In this study, a web-based method is proposed to classify the plant-derived peptide among antimicrobial, antibacterial, antifungal, or antiviral activity. To select an appropriate classifying feature, a comparative performance was conducted between eight types of feature encodings which include AAC (20D), DPC (400D), physicochemical (74D), composition (21D), transition (21D), distribution (105D), CTD (147D), and hybrid (641D).

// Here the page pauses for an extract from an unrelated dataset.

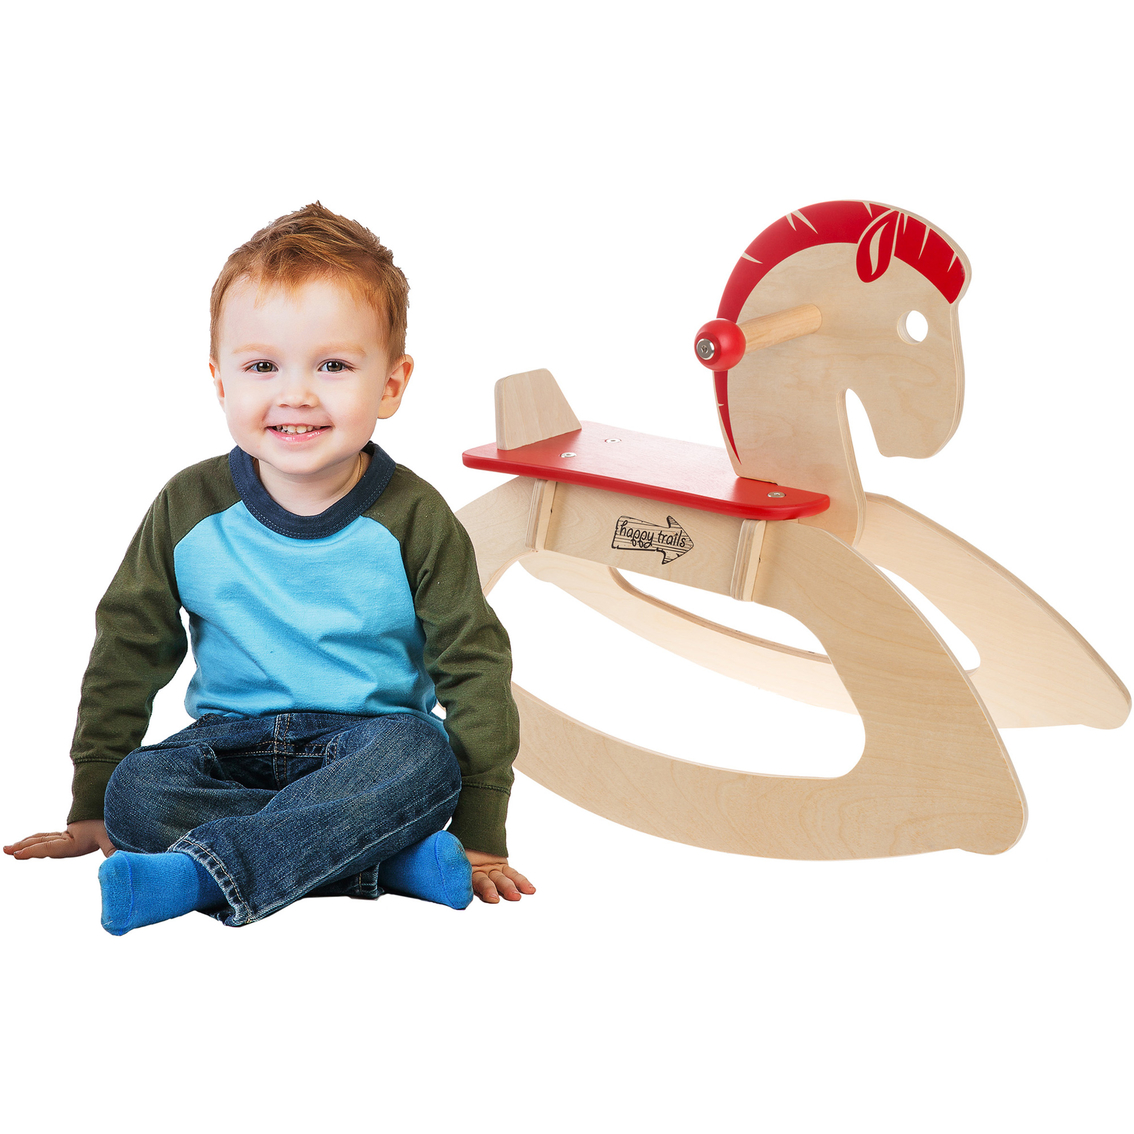 Happy Trails Wooden Rocking Horse - Image 5 of 6

Further, another thing was to determine the best performing ML algorithm from the four commonly used algorithms for supervised classification problems. At last, to help the users in classifying their query sequence with ease, PTPAMP is executed smoothly as a free plant-derived antimicrobial peptide prediction server. The complete workflow of this study starting from the dataset collection to the development of prediction server is summarized in Fig. 1.

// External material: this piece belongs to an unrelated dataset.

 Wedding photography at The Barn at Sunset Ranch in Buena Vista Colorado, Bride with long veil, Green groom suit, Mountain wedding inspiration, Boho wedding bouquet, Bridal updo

3.1 Performance comparison of used feature spaces
To evaluate the efficacy of each feature in accurately predicting AMPs, the five-fold cross-validation, and independent tests were carried out for each activity by using SVM as a classification algorithm. The obtained AUCs for the best performing feature model on cross-validation datasets are 0.98, 0.97, 0.93, and 0.97 for antimicrobial DPC model, antibacterial AAC model, antifungal DPC model, and antiviral hybrid model, respectively. While AUCs of the respective feature models on independent test datasets are recorded as 0.98, 0.99, 0.90, and 0.86 for antimicrobial, antibacterial, antifungal, and antiviral activities, respectively. The relative performance of eight feature encodings across cross-validation and independent test datasets is illustrated by Figs. 2 and 3, respectively. After comparing the results of each feature model, it can be seen that the performance of the DPC model developed after optimizing the parameters on cross-validation dataset is relatable with their performance on the respective independent test datasets for each functional activity. Therefore, to assess the comparative execution of four ML algorithms, DPC is used. To give a detailed picture, results for cross-validation and independent test sets are assembled in Supplementary Tables S3-S6.
Apart from AAC and DPC, the rest six feature encodings also achieved an equitable performance with AUCs ranging from 0.80–0.97, 0.69–0.95, 0.72–0.92, and 0.74–0.97 for antimicrobial, antibacterial, antifungal, and antiviral, respectively. The respective AUC range indicates the utility of the remaining six features in peptide prediction due to their complementary feature depiction from another viewpoint.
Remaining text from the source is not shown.